#### ABOUT THIS EXERCISE:
Write out every line of the material as it stands, apart from the pictures.
***** COLLECTED DATA
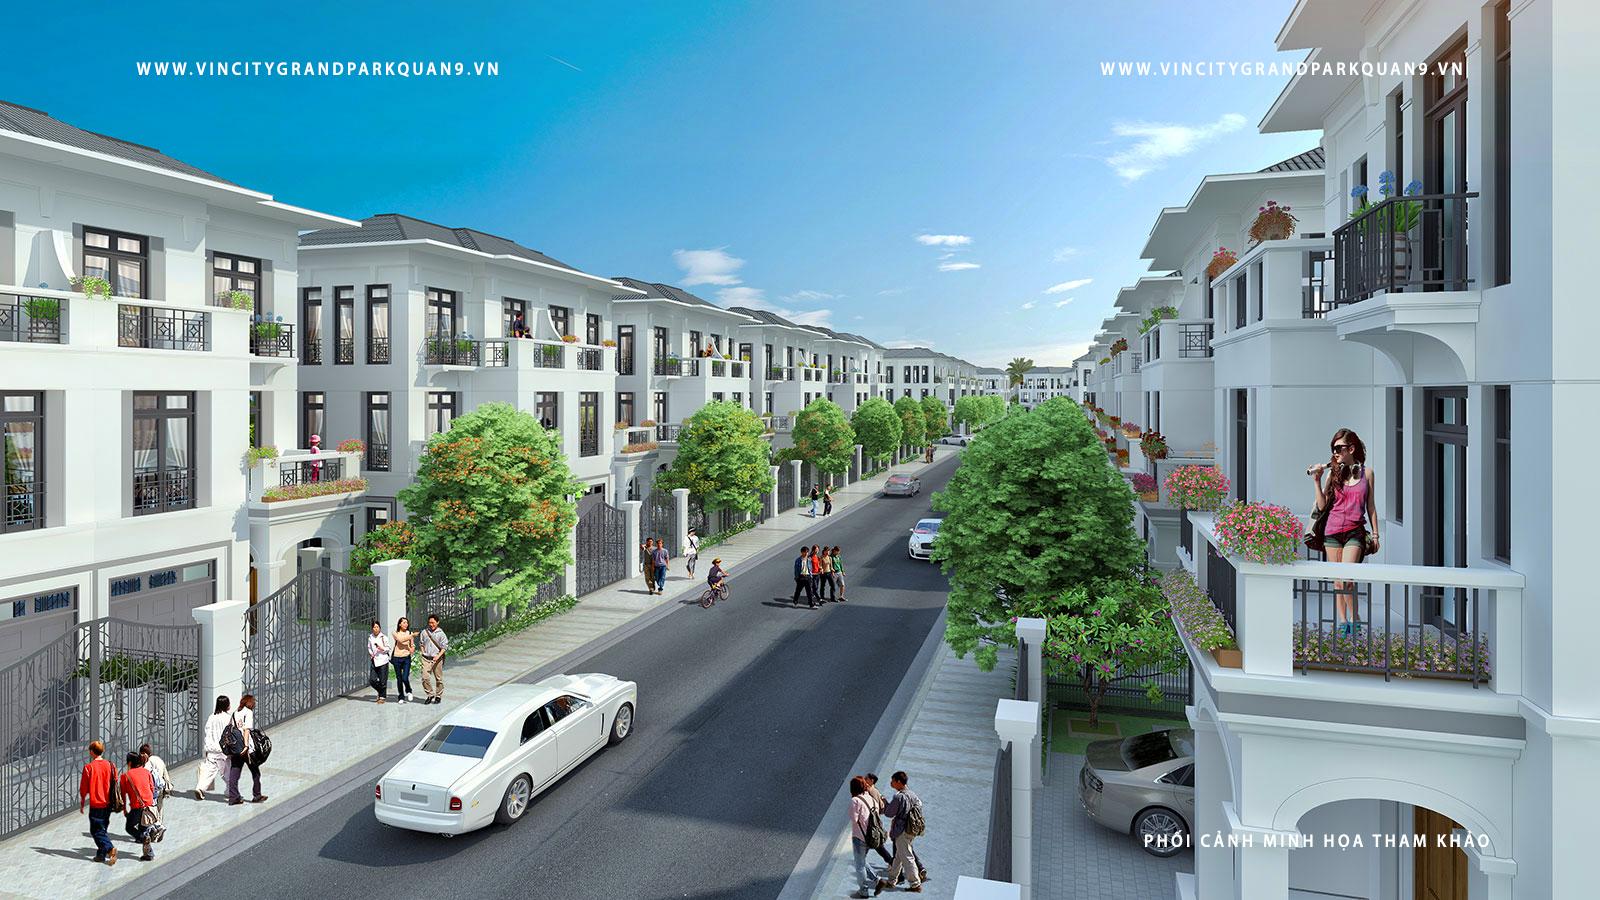 Phối cảnh nhà phố Vinhomes - Vihomes ( hình minh họa dự án - phối cảnh tham khảo )
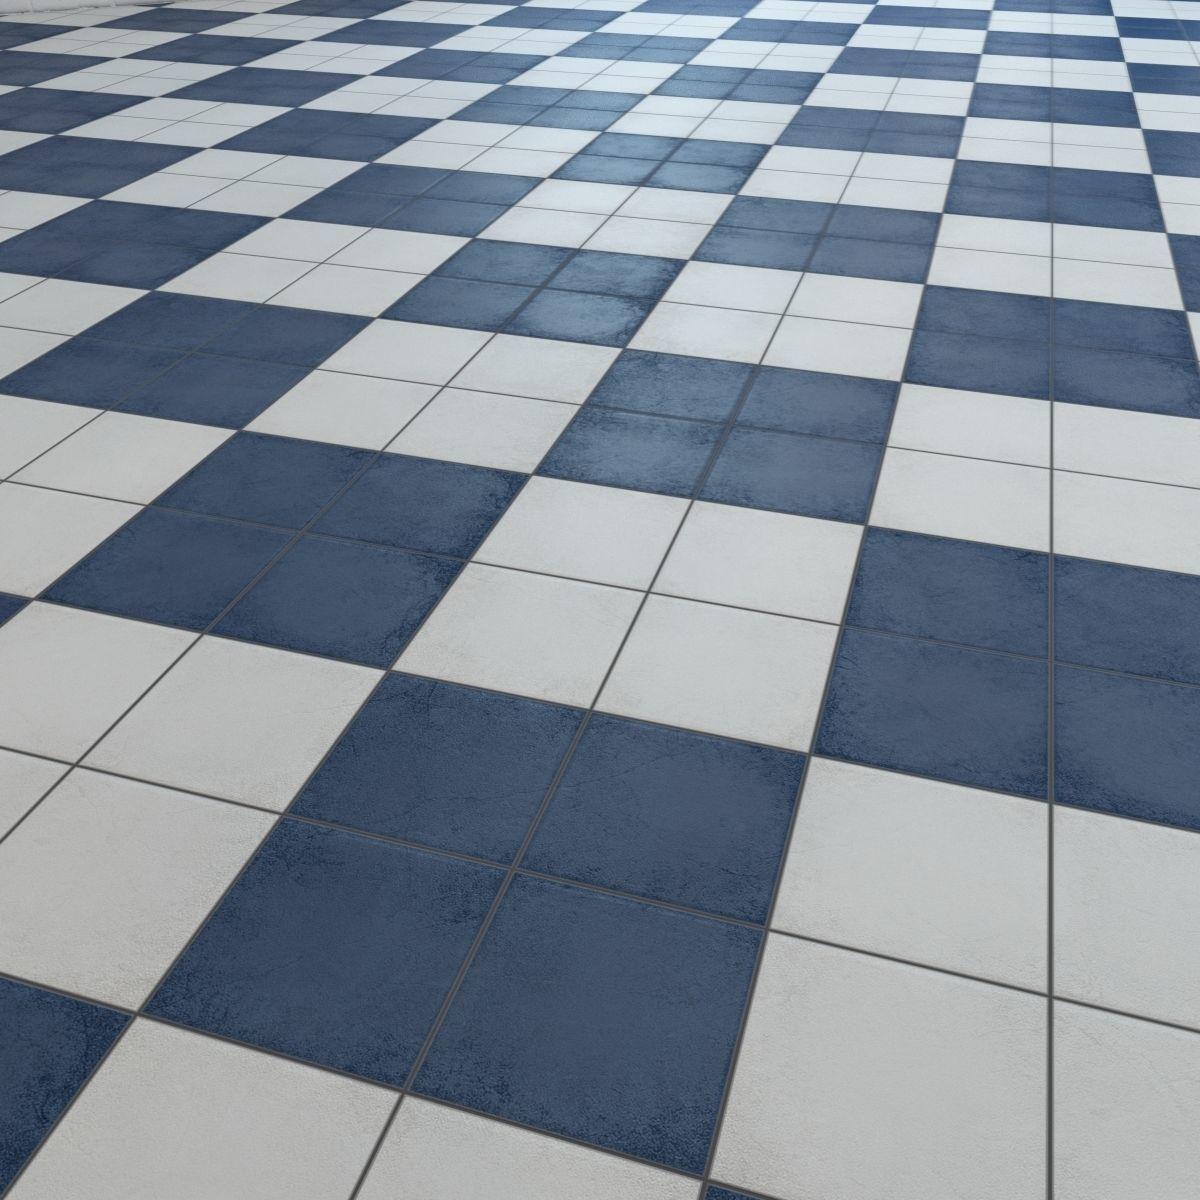 Floor tile Barber shop 3D Model MAX FBX   CGTrader.com on Tile Models  id=65713
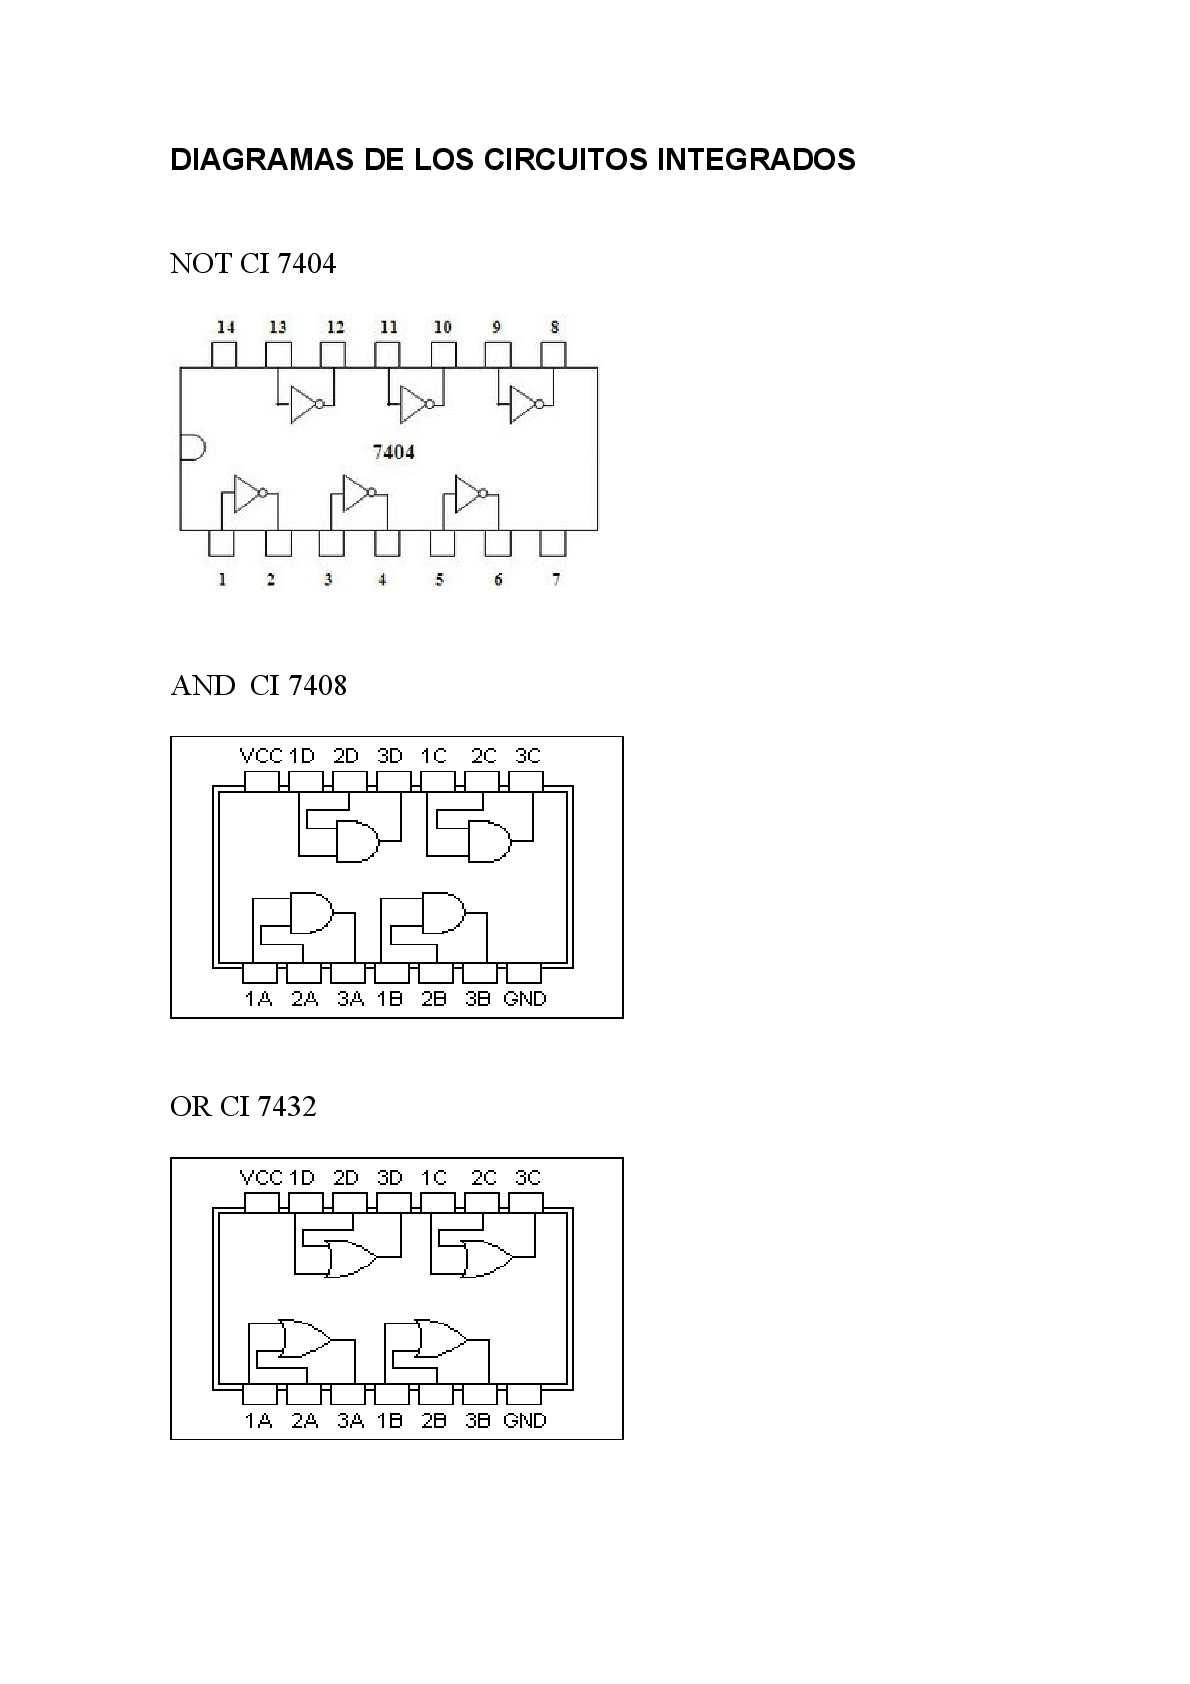 Circuito Integrado 7404 : Calaméo ci data chips catalogo
**********
#### RESPONSE FOR THIS EXERCISE:
 Phối cảnh nhà phố Vinhomes - Vihomes ( hình minh họa dự án - phối cảnh tham khảo )
 Floor tile Barber shop 3D Model MAX FBX   CGTrader.com on Tile Models  id=65713
 Circuito Integrado 7404 : Calaméo ci data chips catalogo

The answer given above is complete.